**ASSIGNMENT:** Would you reproduce exactly the lines below from the one holding "Sikkim, stato dell'India." through the one holding "Recette : Tarte", inclusive, and no others?

**DATASET EXCERPTS:**
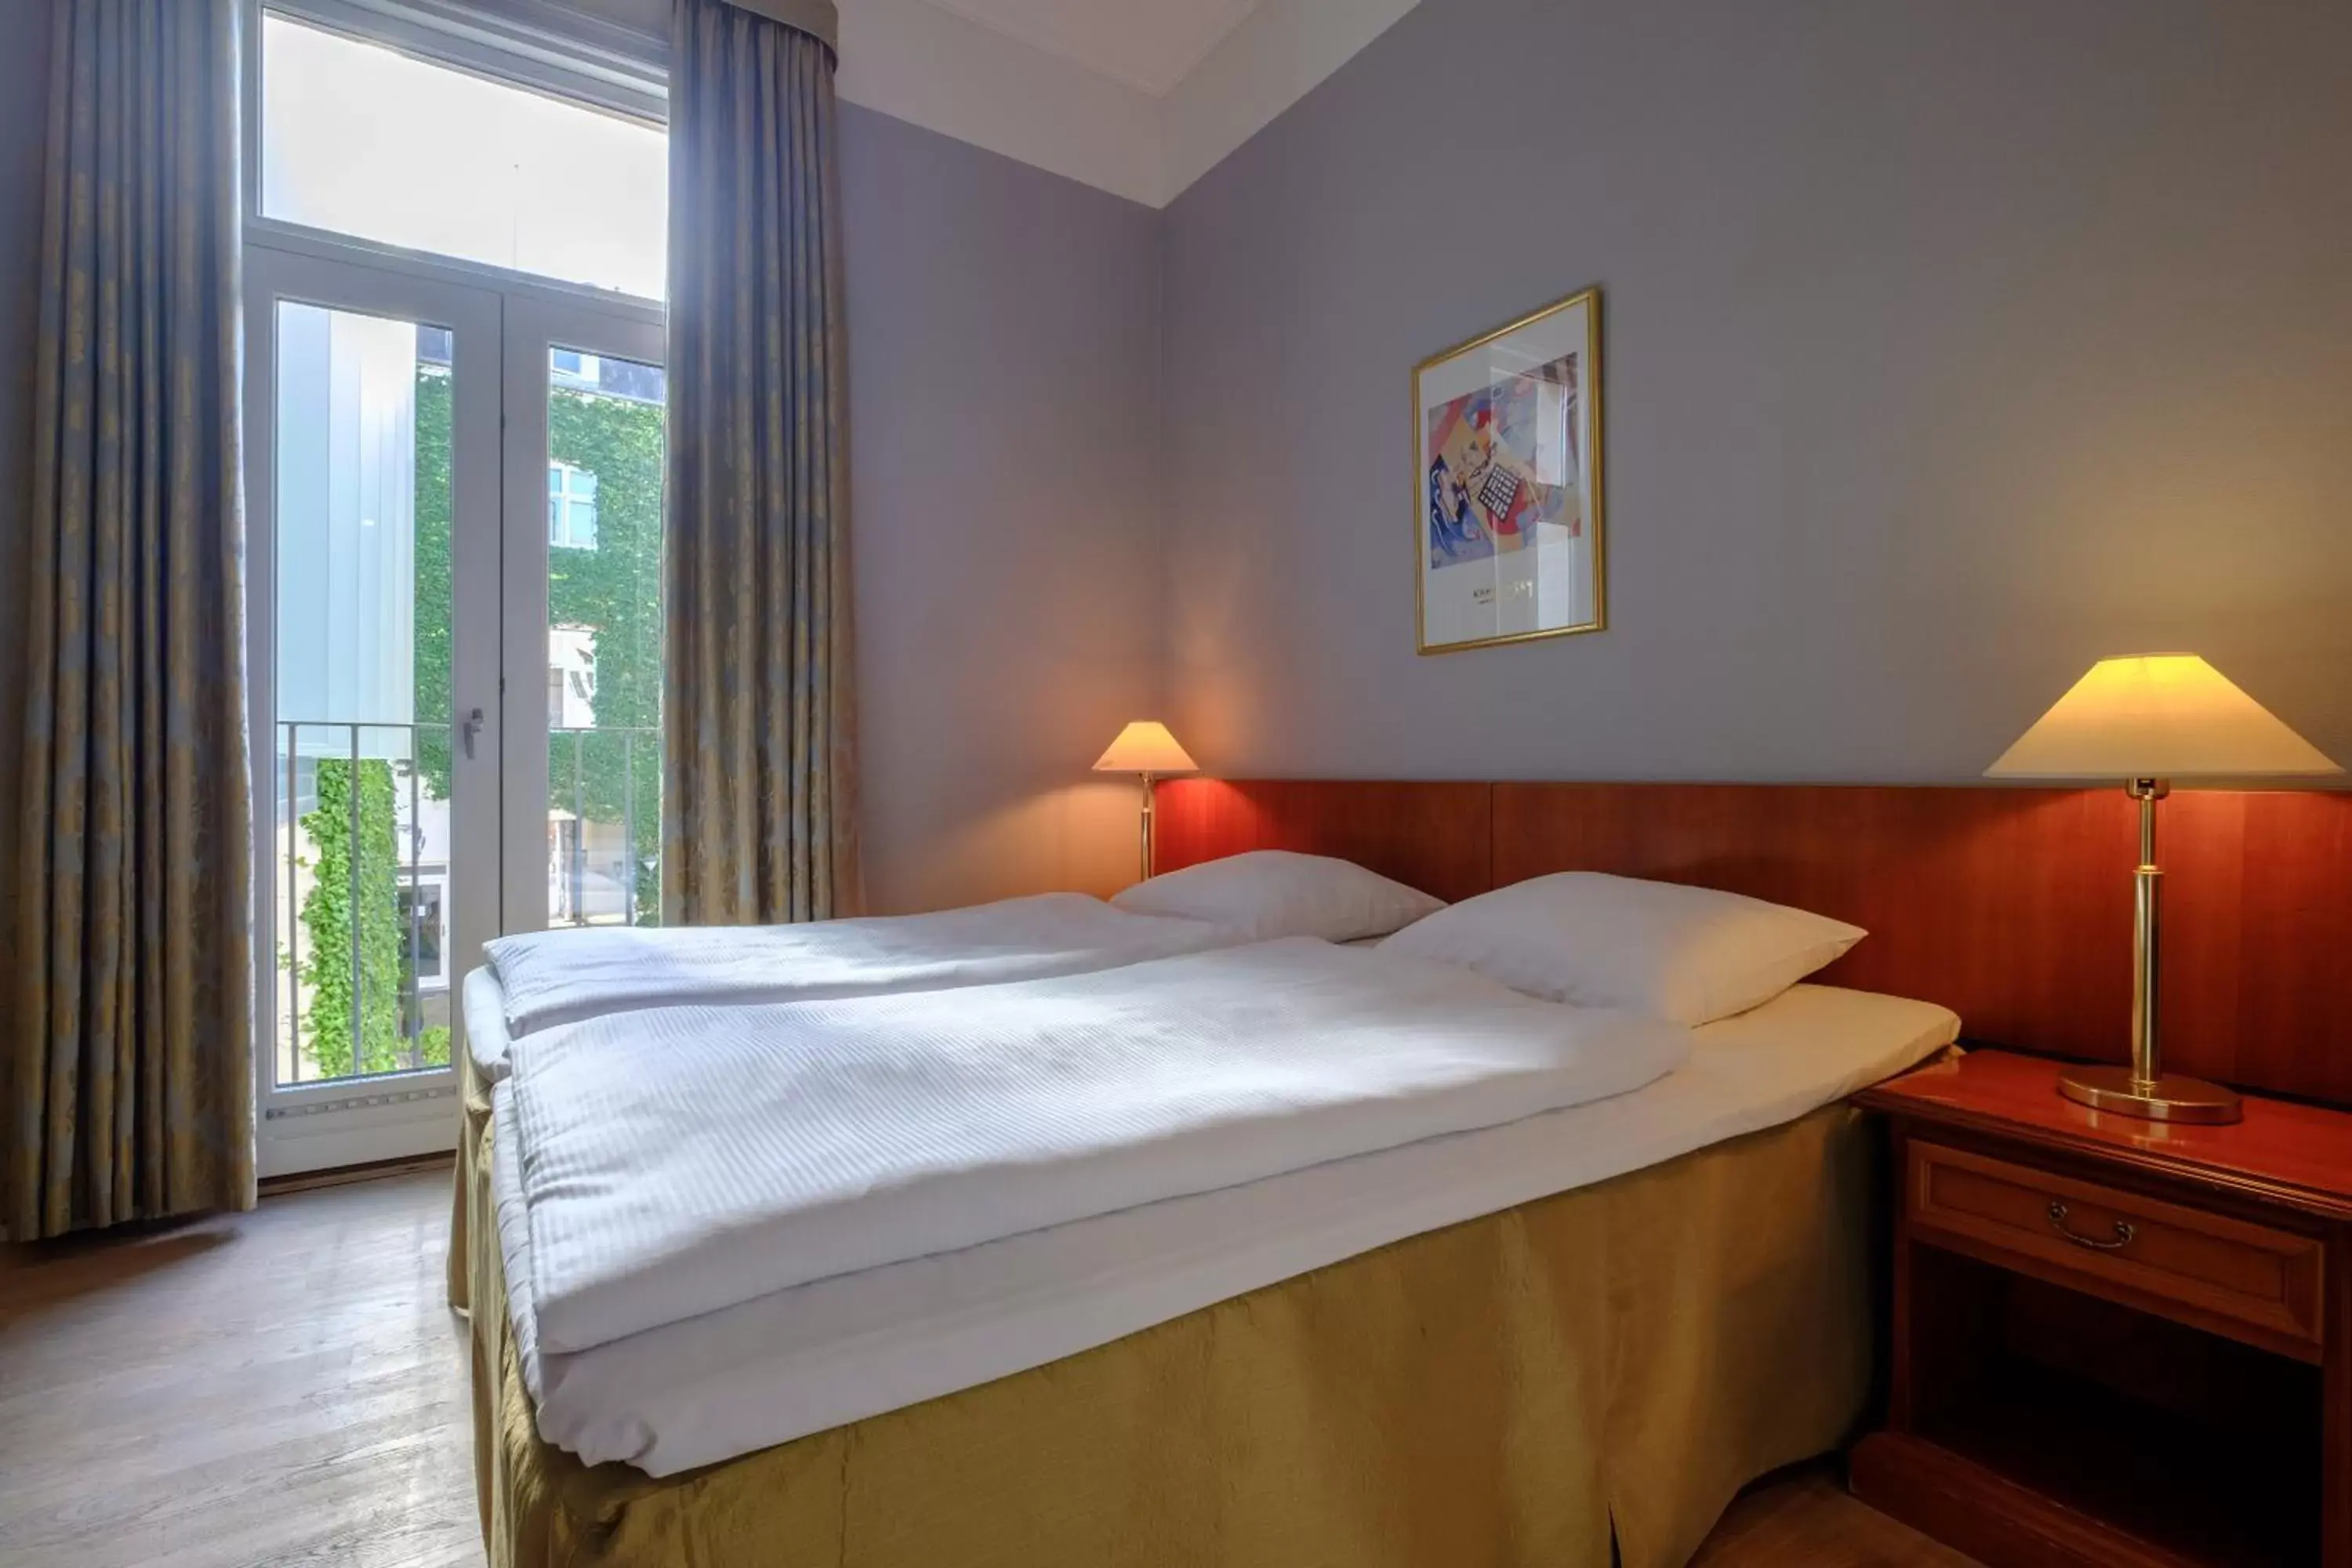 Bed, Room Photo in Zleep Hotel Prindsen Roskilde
---
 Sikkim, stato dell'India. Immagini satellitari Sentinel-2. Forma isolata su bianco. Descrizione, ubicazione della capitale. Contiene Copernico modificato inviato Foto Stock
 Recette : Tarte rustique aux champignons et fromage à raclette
--
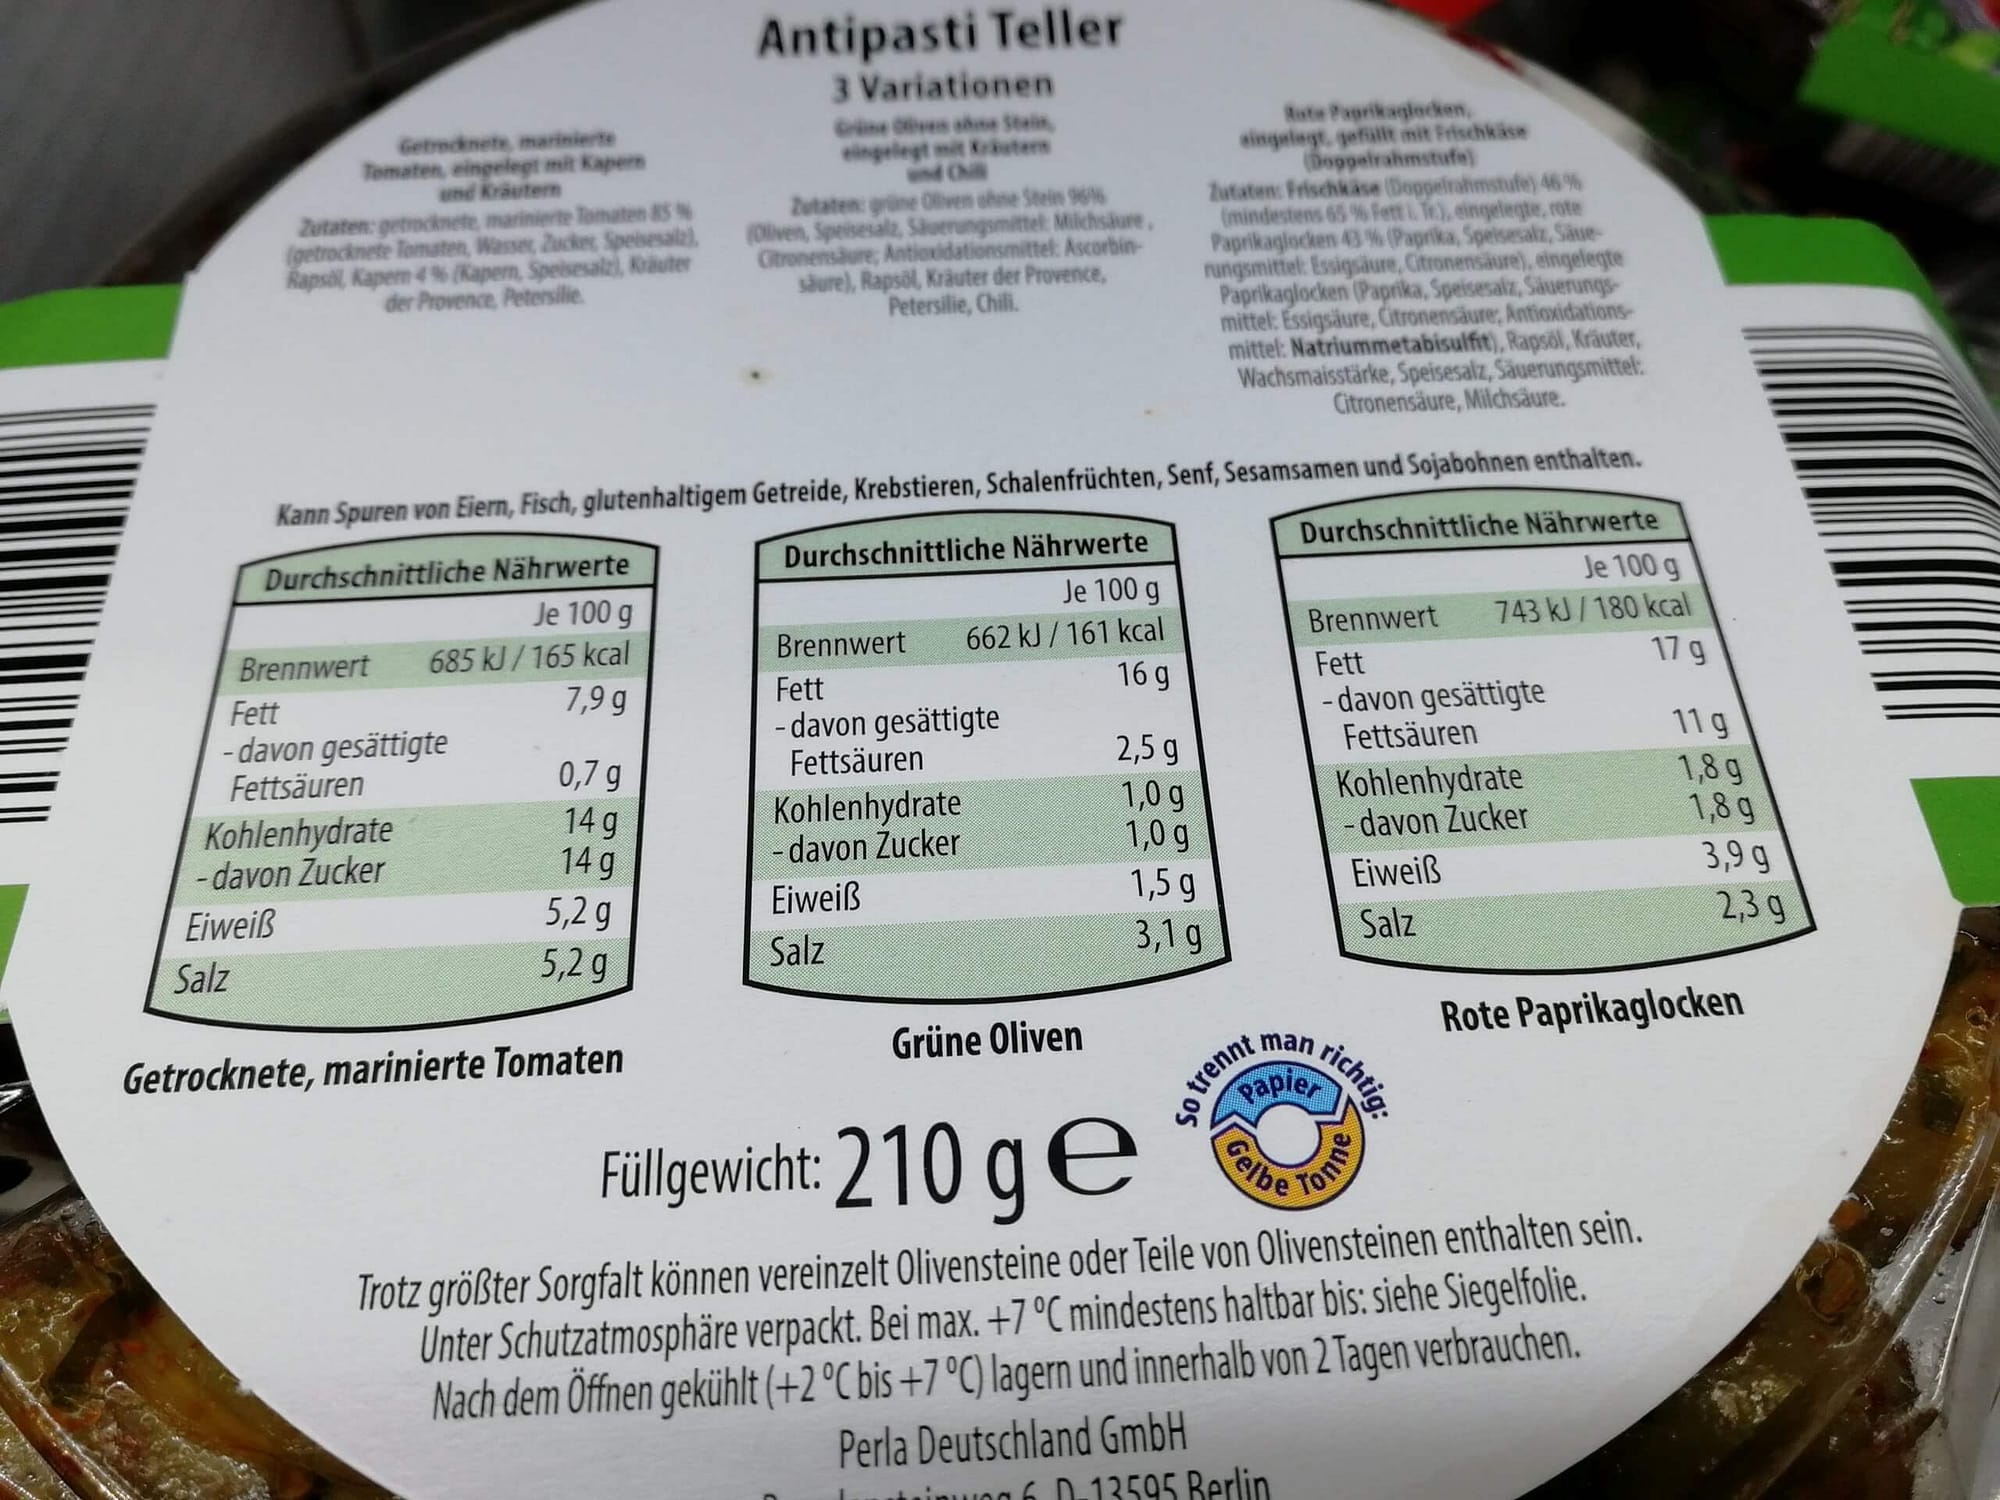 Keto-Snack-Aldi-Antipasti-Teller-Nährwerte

**OUTPUT FOR THIS EXERCISE:**
 Sikkim, stato dell'India. Immagini satellitari Sentinel-2. Forma isolata su bianco. Descrizione, ubicazione della capitale. Contiene Copernico modificato inviato Foto Stock
 Recette : Tarte rustique aux champignons et fromage à raclette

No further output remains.